Dan Fabian spent the summer drawing, and drawing, and drawing. Apama Mackey’s containerized art gallery on the 11th St. art corridor is crowded with 37 witty pages that balance obtuse humor, pointed commentary, and precise, admirable pen-and-ink work.
In Mod Hermit Crab, Fabian pens a crisp illustration of the unlikely marriage between a crustacean and Houston’s Contemporary Art Museum. There’s content here: as a non-collecting institution, the CAMH is a disposable shell, temporarily housing (and confining or protecting) the artist/lobster within. In Fabian’s view, it’s a poor fit, but it vividly recalls the often-startling contrast between the ultra-constrained exterior and the often-prickly contents. It’s a steal at $200 and should be the CAMH’s new logo.
The Eighties is an example of Fabian at his most deadpan. A thicket if intersecting parallel lines that might be doodled on the margins of a telephone book is enlarged and refined into a curiously pathetic constructivist drawing. As a matter of fact, I think I remember it from Paul Klee’s Pedagogical Sketchbook. Fabian shares with Klee an introspective, playful surrealism. The eighties has been torn in half and discarded. Two fragments of that desperately self-conscious decade lie side by side like specimens on a microscope slide, their aimless pizzazz laid bare.
Fabian’s no-nonsense pen and ink style gets the job done and occasionally rises to sublime subtlety, such as the worried, knowing backward glance of Ghost Elephant‘s single solid eye, or the ragged, piratical wildness of the palm leaves in Jolly Roger: Olmec Head with Crossed Palms.

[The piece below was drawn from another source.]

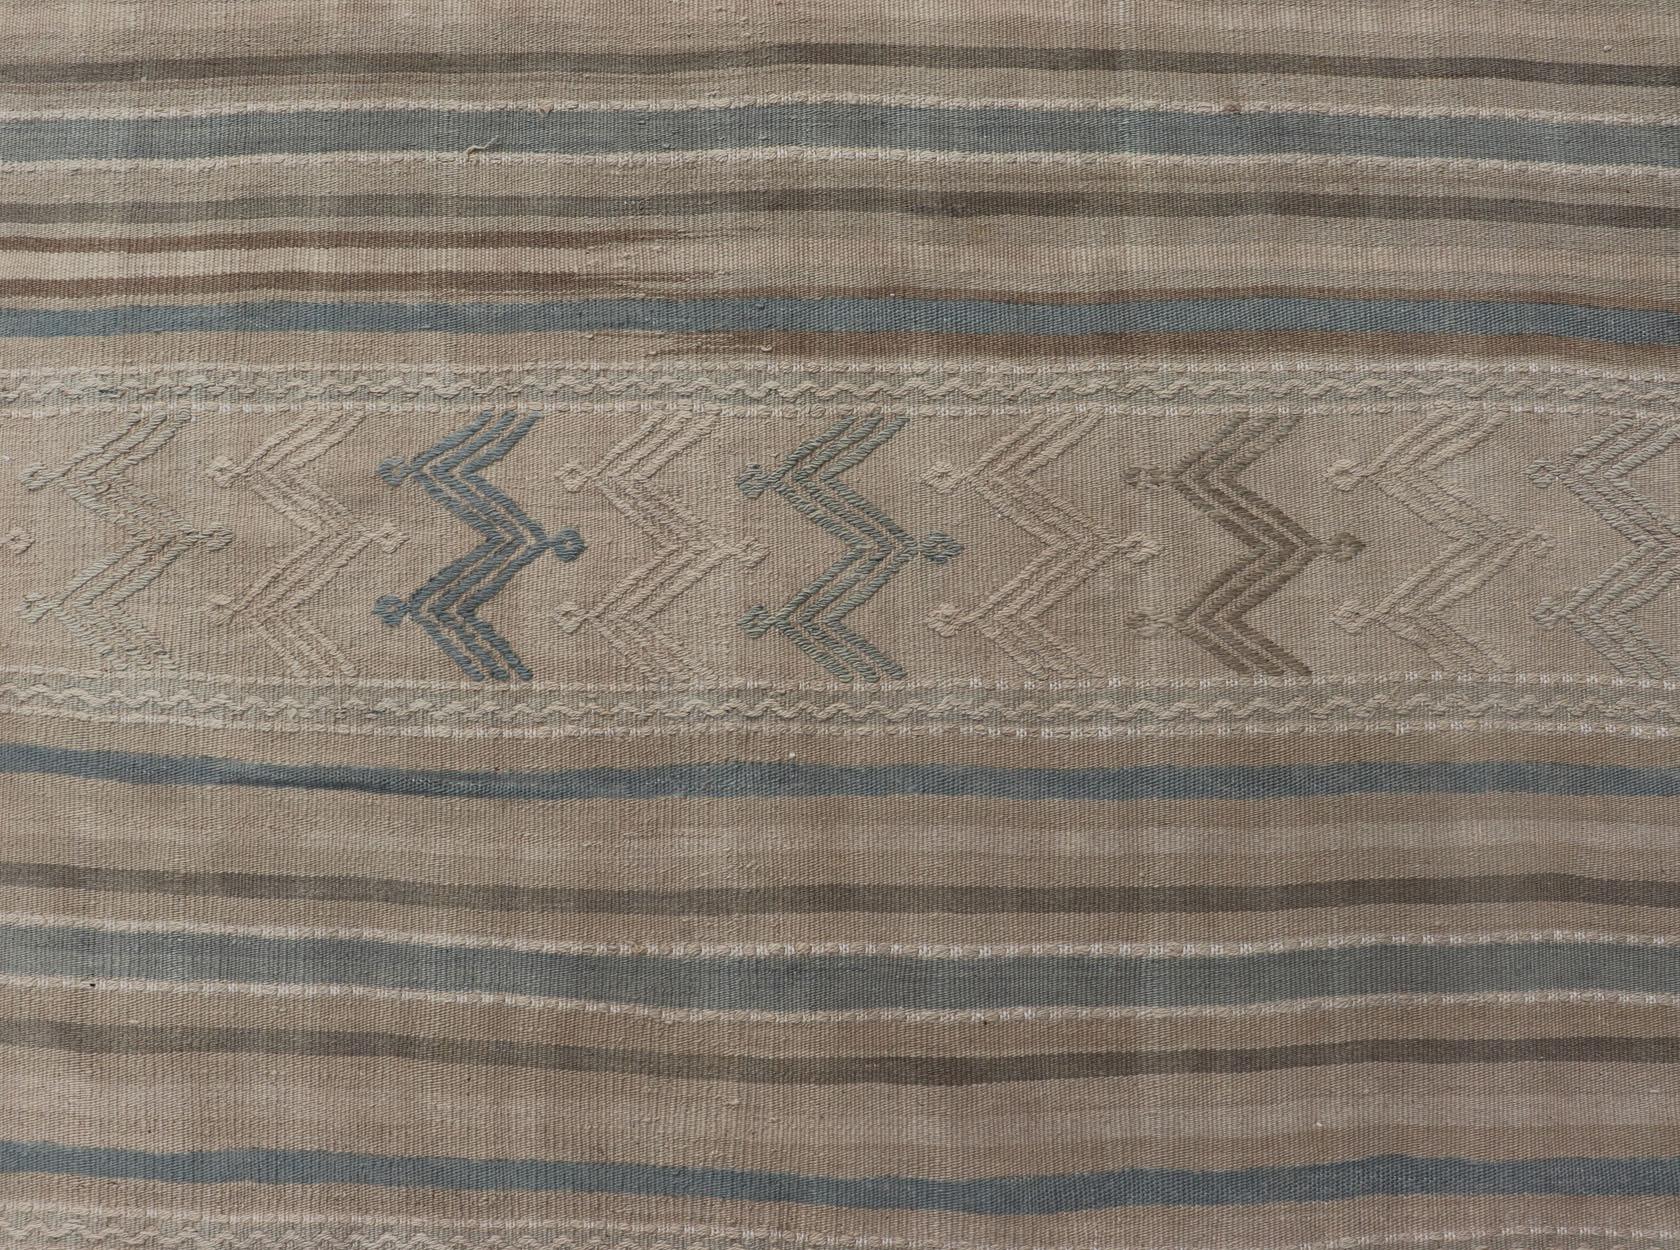 Turkish Vintage Kilim With Embroidered Motifs in Light Tan, Blue L. Brown For Sale 3
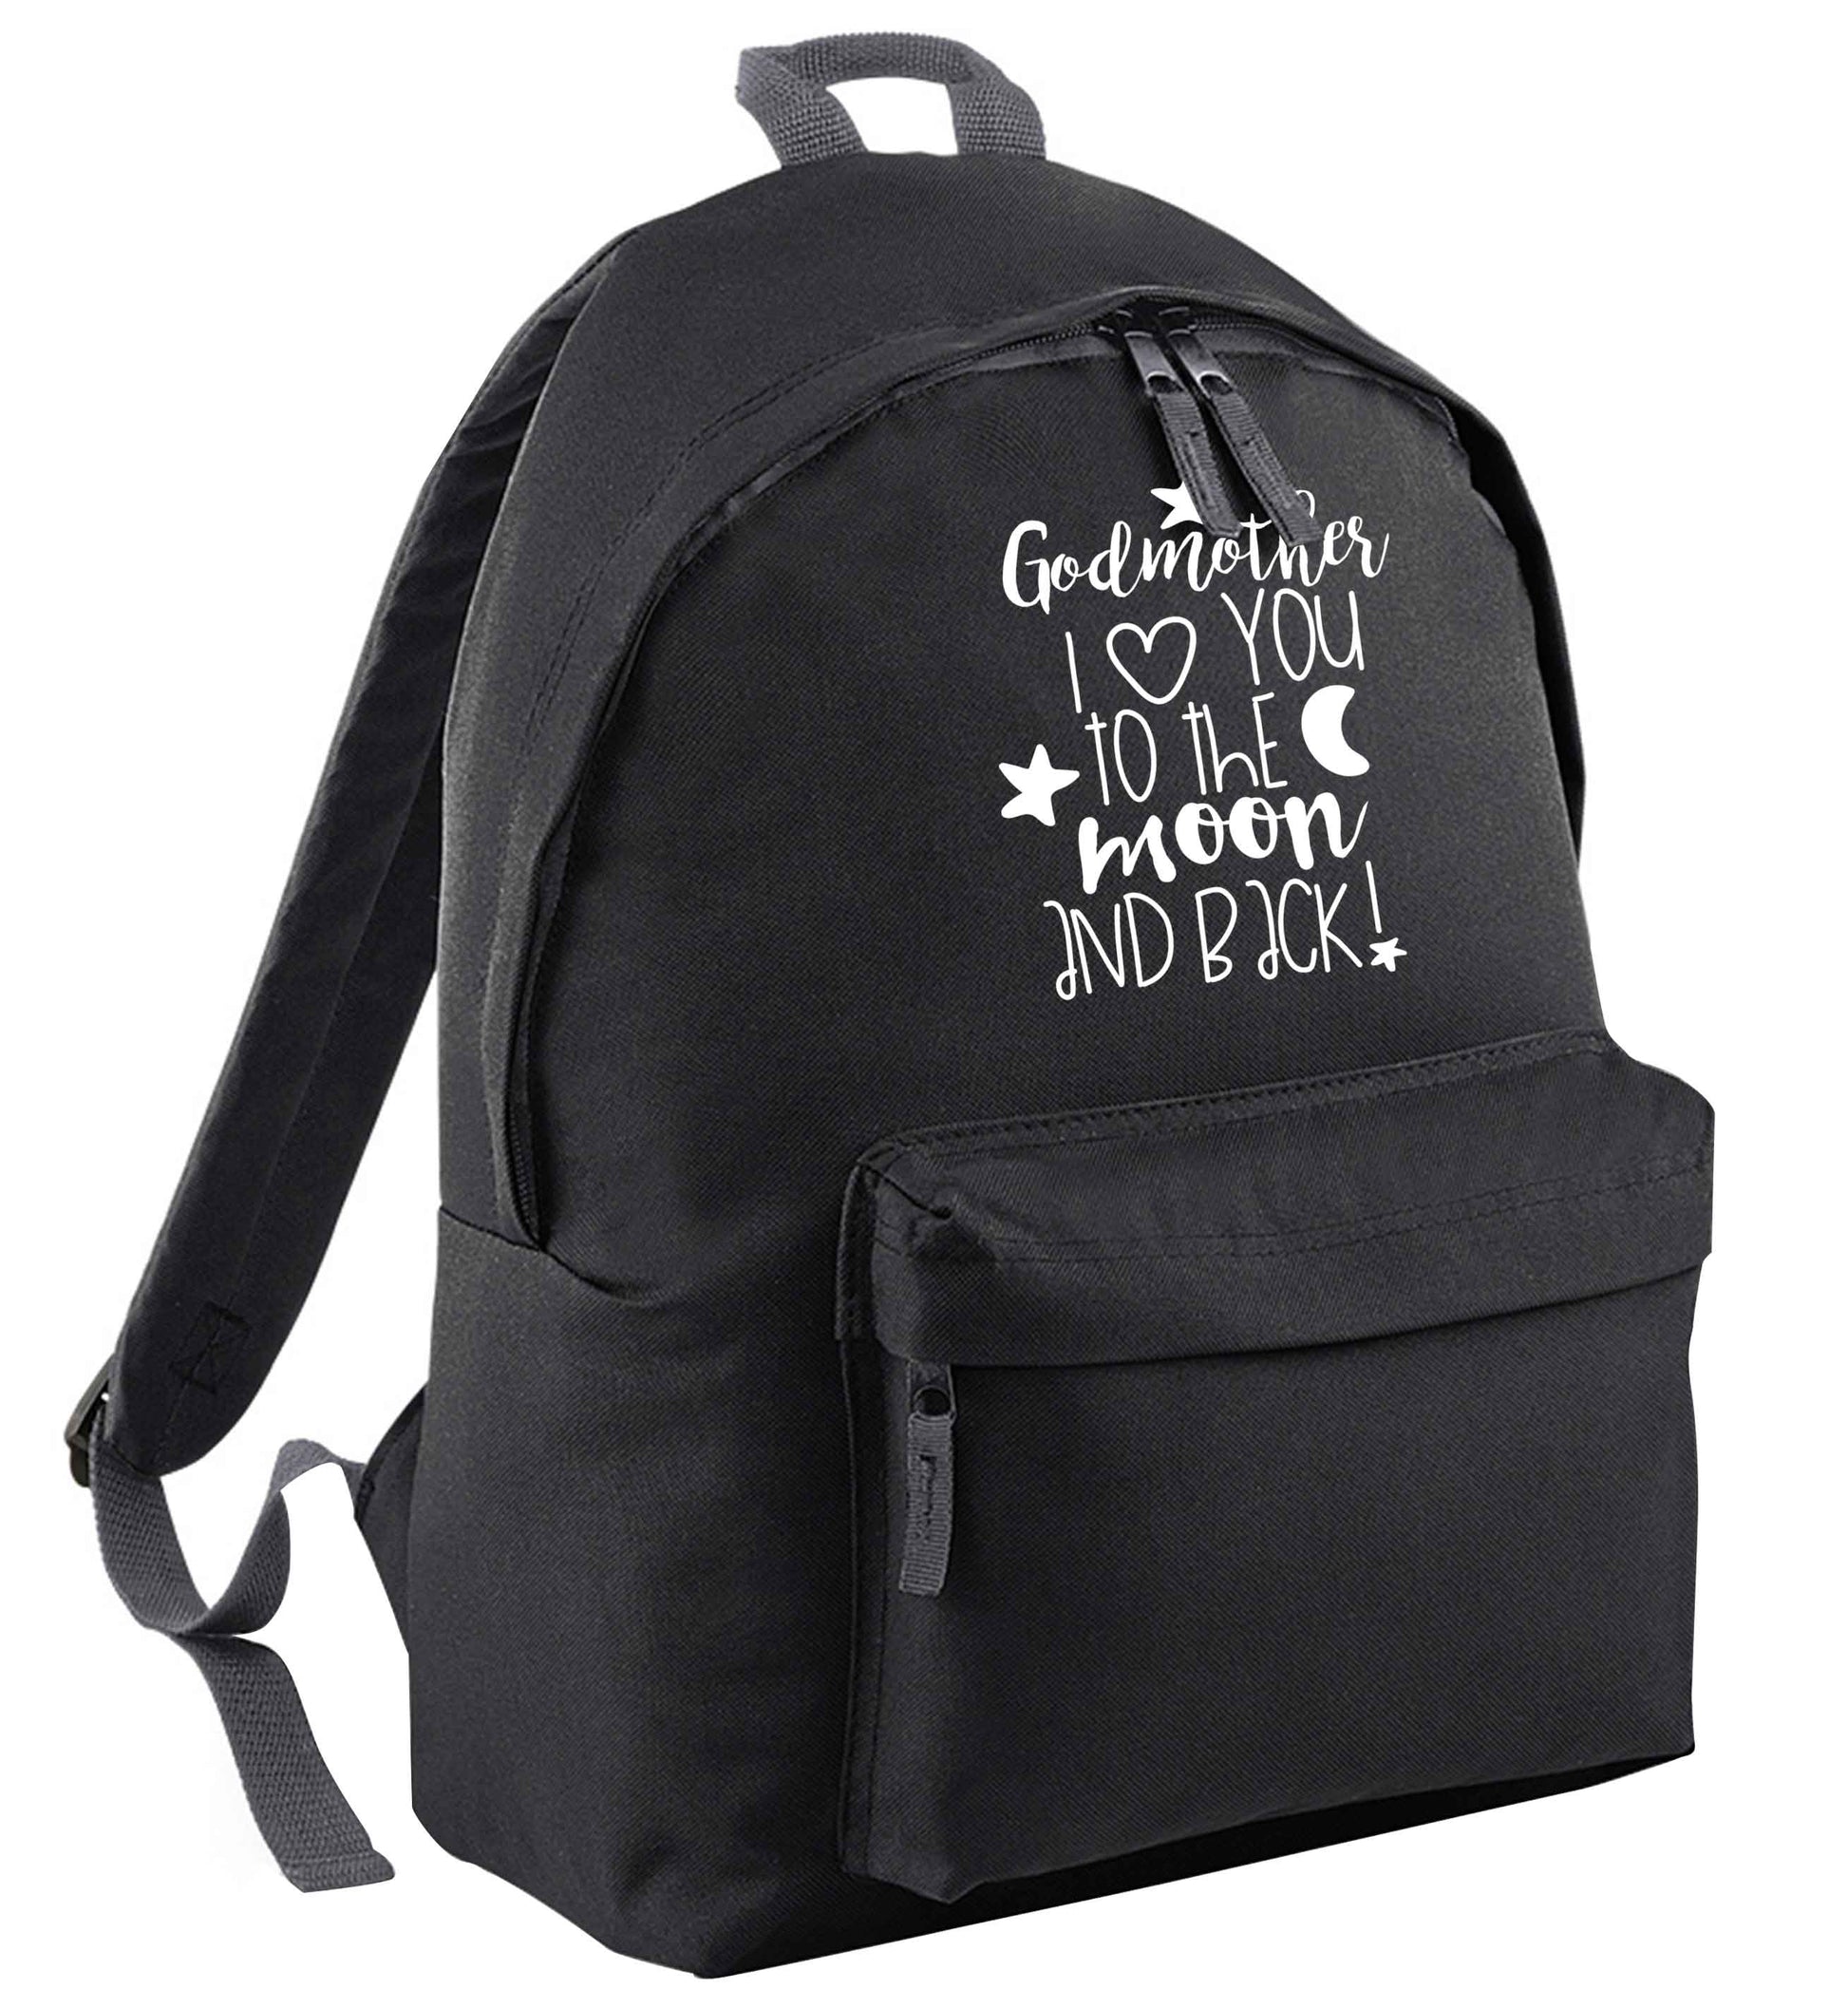 Godmother I love you to the moon and back black adults backpack

Fabian’s show is like the reptile house at the Houston zoo: each mostly empty sheet of paper contains an odd proposition: what if this- or this? With titles like punch lines, you circle the gallery matching captions to drawings with an occasional chuckle as if reading a Far Side anthology but Fabian’s natural modesty and gift for dry humor threatens to undersell his best work. Thinned out and untitled, the show would be less funny, but more thought provoking. Too-literal drawings like Right to Bear Arms and weaker drawings like Personal Cave With Personal Computer could be pared away, leaving a baker’s dozen of real zingers by one of the most consistently interesting artists in Houston.
6 comments
Dear Bill,
Please educate others of us about the appeal and virtues of “pathetic” art. I (seriously) do not get the attraction and would like to be enlightened.
test
again
A serious question deserved a serious answer. for me, I suppose the attraction of pathetic art is pathos. I appreciate it when artists admit their frailties, their insecurities and their imperfections, because they seem more like me. Admittedly, like anything else, you can go to far, wallowing in fake self-abasement, but I guess I prefer that to bombast.
Thanks!
See Immanuel Kant’s Critique of Judgment.